# Diff. Eq. — Identifying Particular Solution Given solution family

• WyattKEllis
So in summary, the given conversation discusses finding the solution to a first order linear differential equation with constant coefficients, using the characteristic equation and homogenous and particular solutions. The solution is given by y(t) = y_h(t) + y_p(t), where y_h(t) is the homogenous solution and y_p(t) is the particular solution. The forcing function is C*(e^t)+((t^3)+(2t^2)+2t-1)*(e^t)+((2t^3)+(t^2)+8t-7)*(e^2t) and the associated homogeneous differential equation is y'_h+p(t)*y_h=0.

#### WyattKEllis

Homework Statement
Identify the homogenous solution and the particular solution. C is an arbitrary constant.
Relevant Equations
y(t) = C*(e^t)+((t^3)-(t^2)+5t-6)*(e^t)+((t^3)-(t^2)+5t-6)*(e^2t)
I identified the root 1 with multiplicity 1 and the root 2 with multiplicity 1. So The characteristic equation is ((m-1)^2)*(m-2)=0. Simplifying and substituting with y I found: y'''-4y''+5y'-2y=0.

So now I've realized that this is actually describing y(t)=(C1)*(e^t)+(C2)*(e^t)+(C3)*(e^2t) and I do not know how to proceed accounting for the term ((t^3)-(t^2)+5t-6) included twice. In general I don't know of another step to begin with and haven't had luck finding any instruction on how to move from a solution family to homogenous or particular solutions.

I'd appreciate some hint as to where to start; thanks!

Are we assuming the the ODE has constant coefficients? If so $t^n e^{kt}$ will be a homogenous solution if and only if $k$ is a root of the characteristic equation with multiplicity $n$.

But here there is only one arbitrary constant, which suggests that only that one term is the homogenous solution.

pasmith said:
Are we assuming the the ODE has constant coefficients? If so $t^n e^{kt}$ will be a homogenous solution if and only if $k$ is a root of the characteristic equation with multiplicity $n$.

But here there is only one arbitrary constant, which suggests that only that one term is the homogenous solution.

Thank you! I was definitely on the wrong track. Now I've identified y_h(t)=C*(e^t) as the homogenous solution and y_p(t)=((t^3)-(t^2)+5t-6)*(e^t)+((t^3)-(t^2)+5t-6)*(e^2t) as the particular solution which I believe is appropriate.

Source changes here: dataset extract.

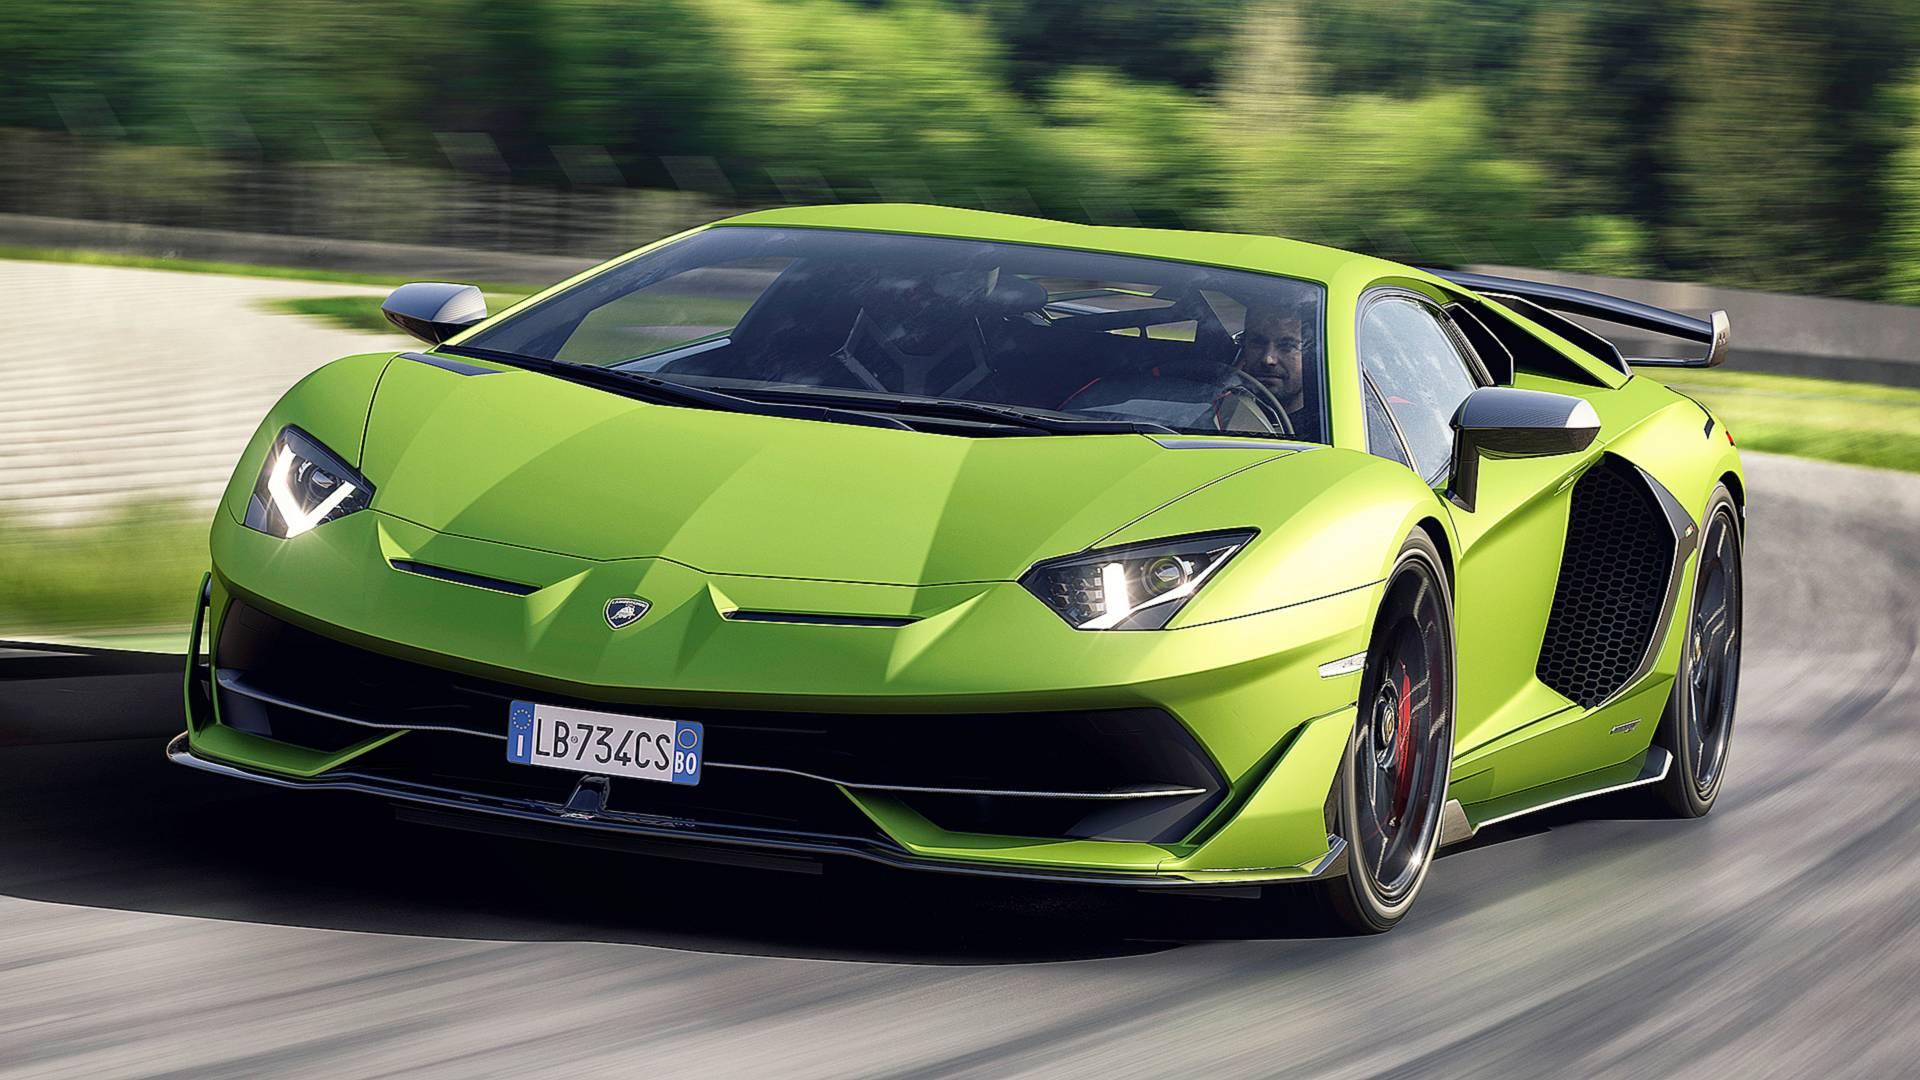 Lamborghini Aventador Svj Looks Complicated In Live
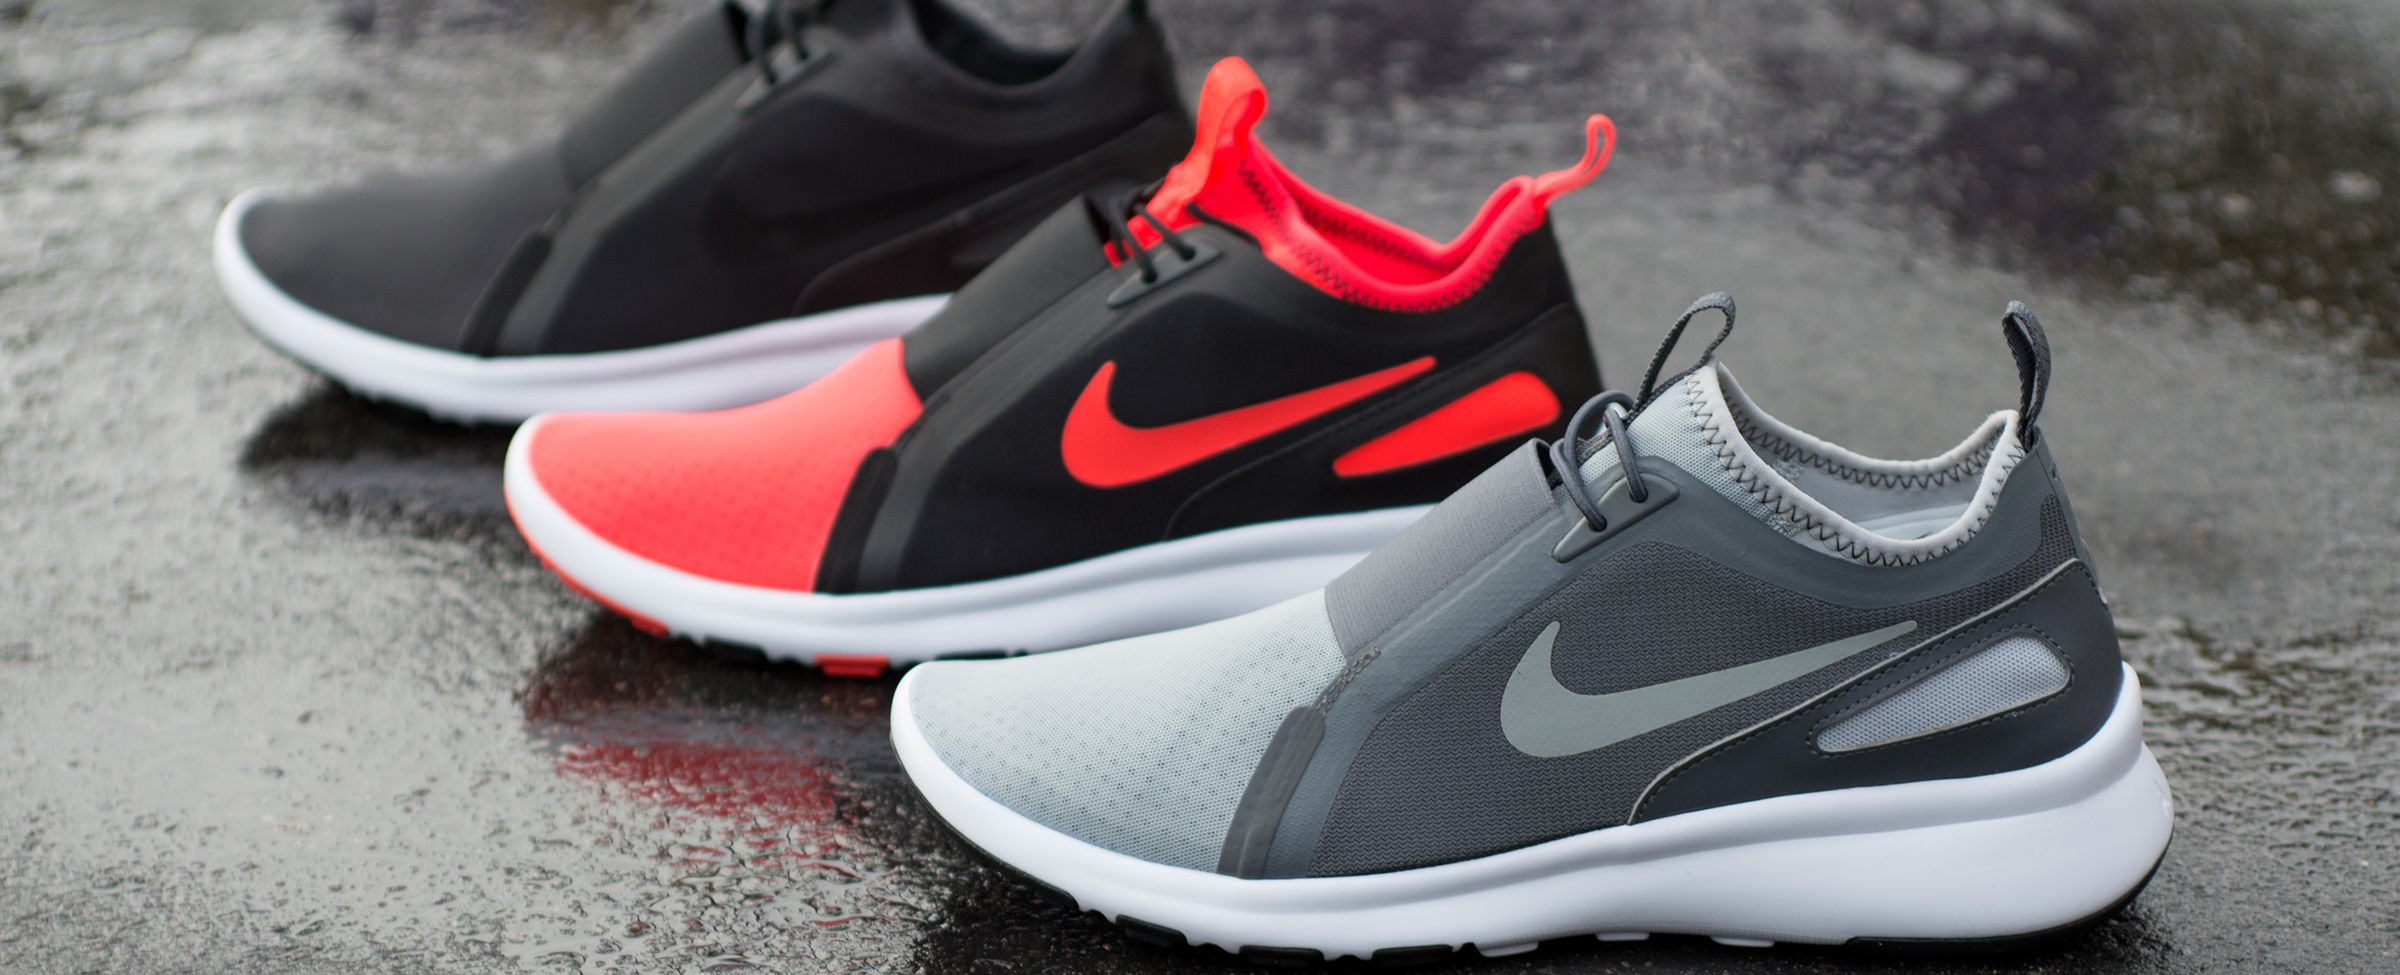 Nike current slipon online sneaker store sneakers nike

So this solution family satisfies some first order linear differential equation which I would now like to find. I found this to be dy/dt=C*(e^t)+((t^3)+(2t^2)+2t-1)*(e^t)+((2t^3)+(t^2)+8t-7)*(e^2t) by simply differentiating the given solution family.

To be as descriptive as possible should anyone wish to correct me, I found the standard form coefficient function to be 0 and the forcing function to be C*(e^t)+((t^3)+(2t^2)+2t-1)*(e^t)+((2t^3)+(t^2)+8t-7)*(e^2t). Then I applied what the problem stated as the associated homogeneous differential equation y'_h+p(t)*y_h=0 and found that this equation is only true when C=0. This seems backwards (since this was mentioned as a way to check the answer) but is otherwise the best attempt I could come up with.

WyattKEllis said:
y'_h+p(t)*y_h=0

I assume you have to find p(t) such that Ce^t is a solution to the homogenous first order differential equation.

what does the notation _h mean? I have not seen it in other ODE texts.

docnet said:
I assume you have to find p(t) such that Ce^t is a solution to the homogenous first order differential equation.

what does the notation _h mean? I have not seen it in other ODE texts.
I assume the homogenous solution, with $y = y_h + y_p$.